What exactly is MVCC?

Definition: Multi-Version Concurrency Control , literally, the use of multiple versions for reasonable control during concurrency (that’s how I took it literally anyway), obviously this thing is an abstract concept, and it is. It is mainly found in some data management software. Maintaining multiple versions of a data makes the read and write operations conflict-free.

  • Why is this thing there?

We all know that the data management program provides the function of querying and modifying data, but how to solve the conflict problem during reading and writing it, in order to maintain data consistency and maintain high performance, to even when there is a read-write conflict, but also to do without locking, non-blocking concurrent reading, MVCC This concurrency control algorithm has emerged.

MVCC Fundamentals

MVCC is allowing multiple versions of an object to exist simultaneously. That is, it has a “current” version and one or more previous versions. You can use different versions of it as needed to solve the problem you are facing when you get the version. During this run, the “author” can create and publish a new version of the object, which will become the latest version of the object, and the “reader” can still use the previous version as well.

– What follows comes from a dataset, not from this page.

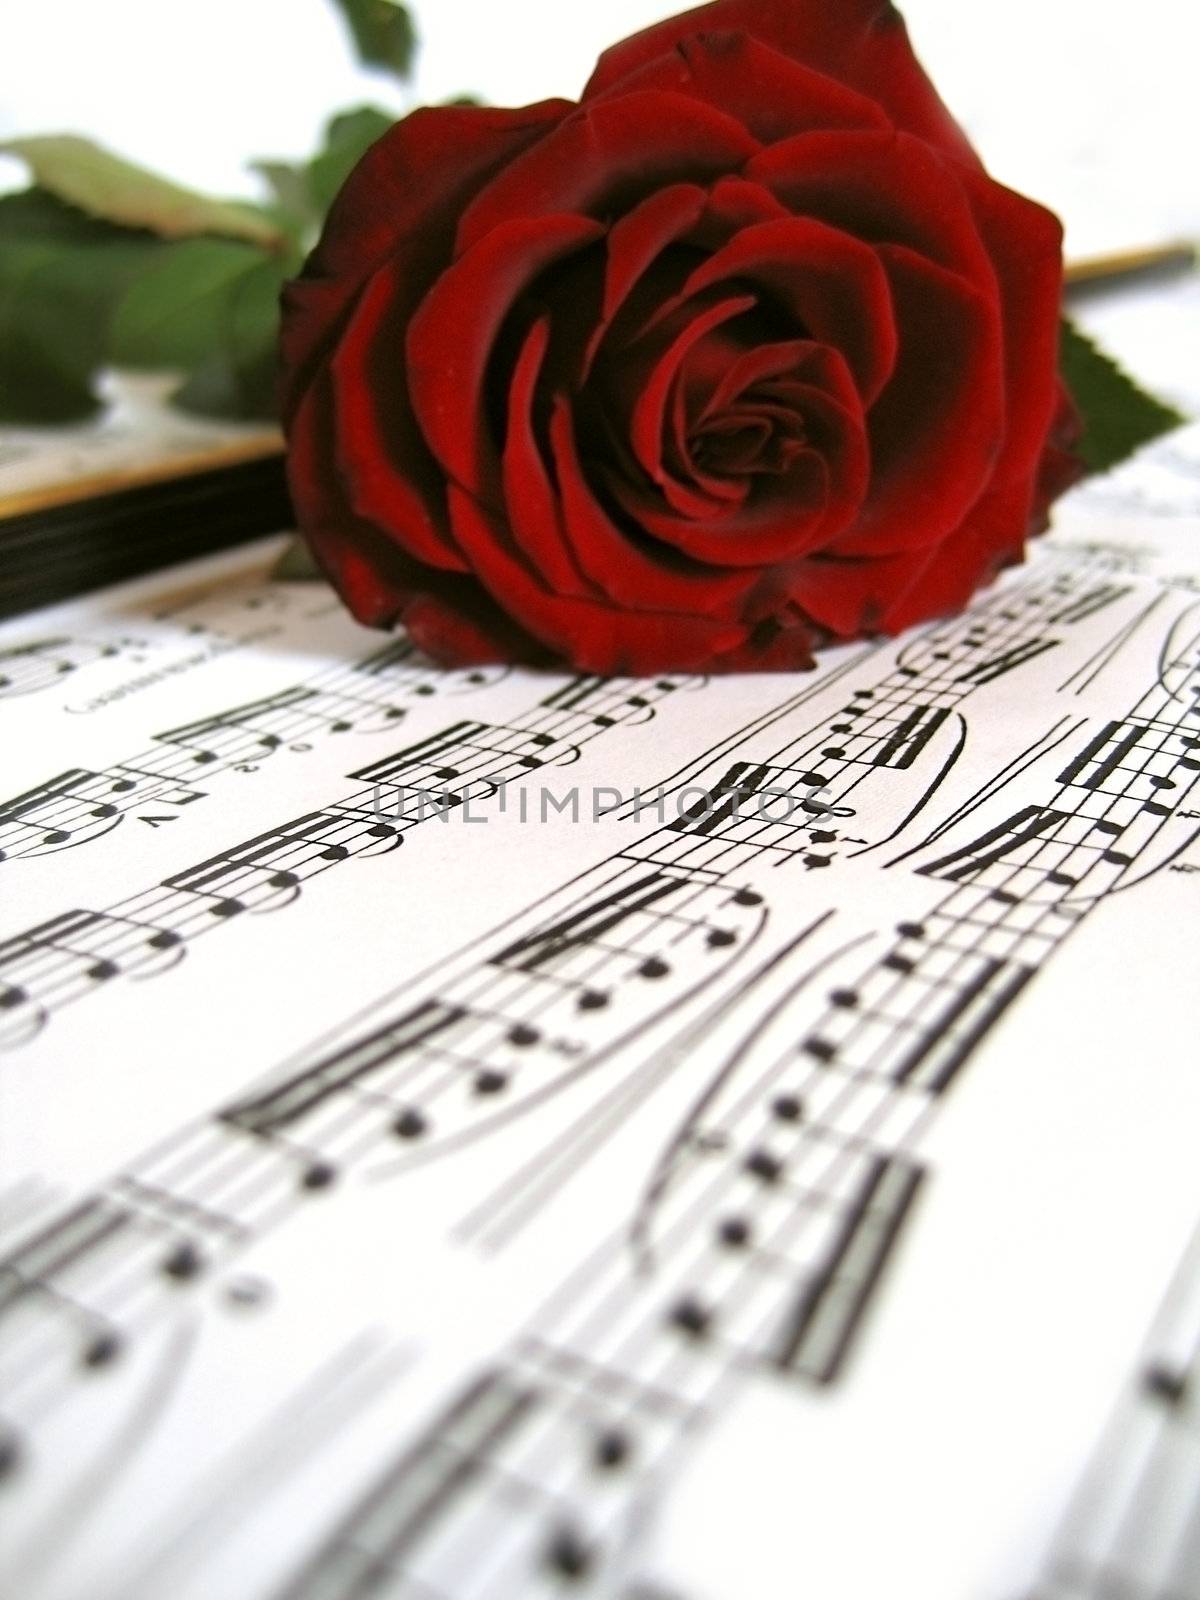 Red rose over sheet music

Which versions are available to “readers”? This is related to your real needs, for example, the isolation level in Mysql, different levels of the same concurrent operation after the results see inconsistent, we can according to the needs of the reasonable display data object version, in different isolation levels to achieve different results.

Since we know the abstraction of MVCC, let’s take a look at its implementation. MVCC has been embraced by many data management programs, which undoubtedly proves that it is a good design idea, such as the Innodb engine in Mysql, Etcd storage, PostgreSQL, oracle, etc. Let’s take the Innodb engine as an example and observe how it is implemented MVCC.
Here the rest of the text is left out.